Погребинский усмехнулся.
— У вас есть ее показания?
— Допустим! — ответил Линьков.
— Вот когда у вас будет точный подсчет, тогда и сверим! — сказал Погребинский.
— Ну что же, подождем! — согласился Линьков. — Мы не спешим, Погребинский, а вам надо бы поспешить очиститься от скверны. Вы ведь не новичок, знаете что почем. Так зачем же вам все это? Подумайте хорошенько, подумайте.
Дело по совхозу «Воронки» вел следователь Ольховиков Виктор Иванович. Начальник следственного отдела, представляя его Прищепову, сказал, что он следователь терпеливый, настойчивый, но подобных дел ему вести не приходилось.

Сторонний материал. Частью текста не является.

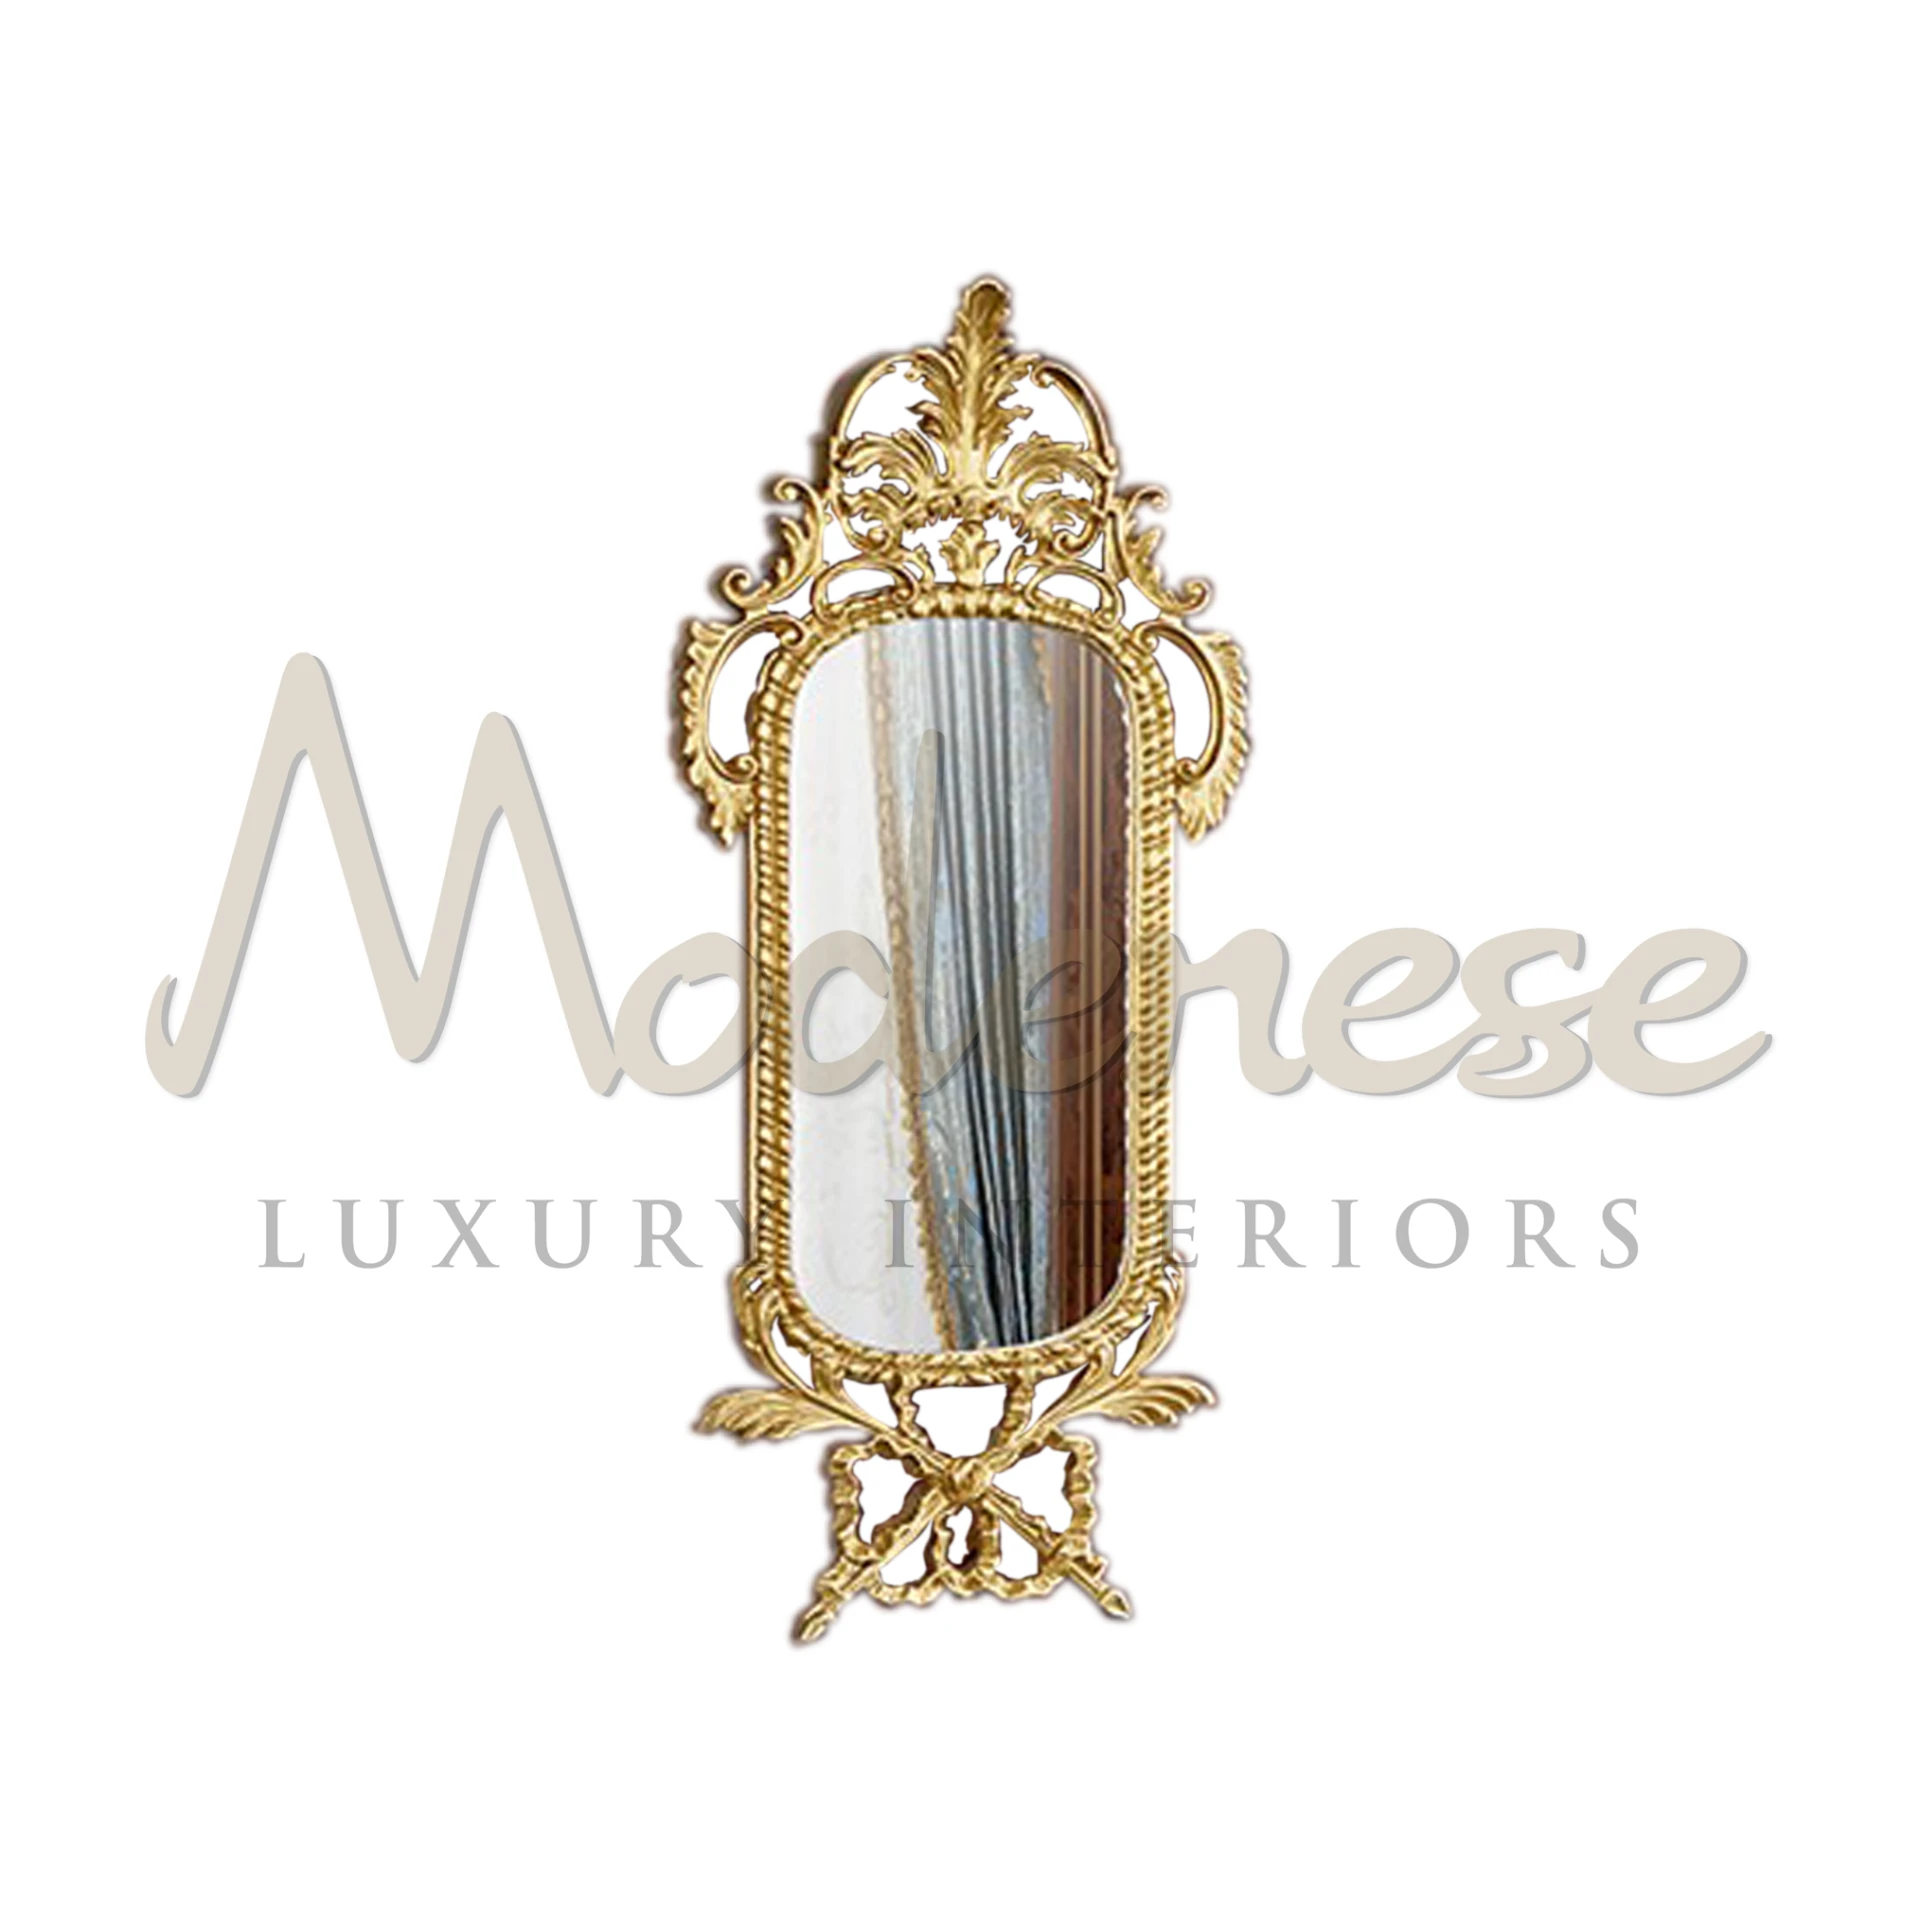 Bespoke Classic Mirror with sleek gold finish, a symbol of Modenese luxury interiors, perfect for sophisticated design.

— В общем-то дело довольно типичное, — заметил Прищепов. — Я не говорю — распространенное, нет, но схема его не нова. В совхозах и колхозах, после того как был разрешен подсобный промысел, время от времени объявляются этакие команды. Обычно это люди приезжие, у которых вдруг возникает желание «поработать» в сельском хозяйстве. Подсобный цех выпускает какую-то продукцию. Налаживается несложное оборудование, начинается выпуск, устанавливаются прямые связи с торгующими организациями. Вот тут-то и завязывается узелок. В торгующих организациях находят жуликов, согласных на сбыт неучтенной продукции. План выполняется. Все, что сверх плана, реализуется через те же торговые точки, что и плановая продукция. Здесь и начинаются некоторые тонкости — среди дельцов есть люди весьма опытные, они заранее подстилают солому, чтобы было мягче падать, и очень точно ведут учет сырья и оплату труда. Кооператив организовать они не хотят, чтобы иметь больший доход и не выплачивать налога.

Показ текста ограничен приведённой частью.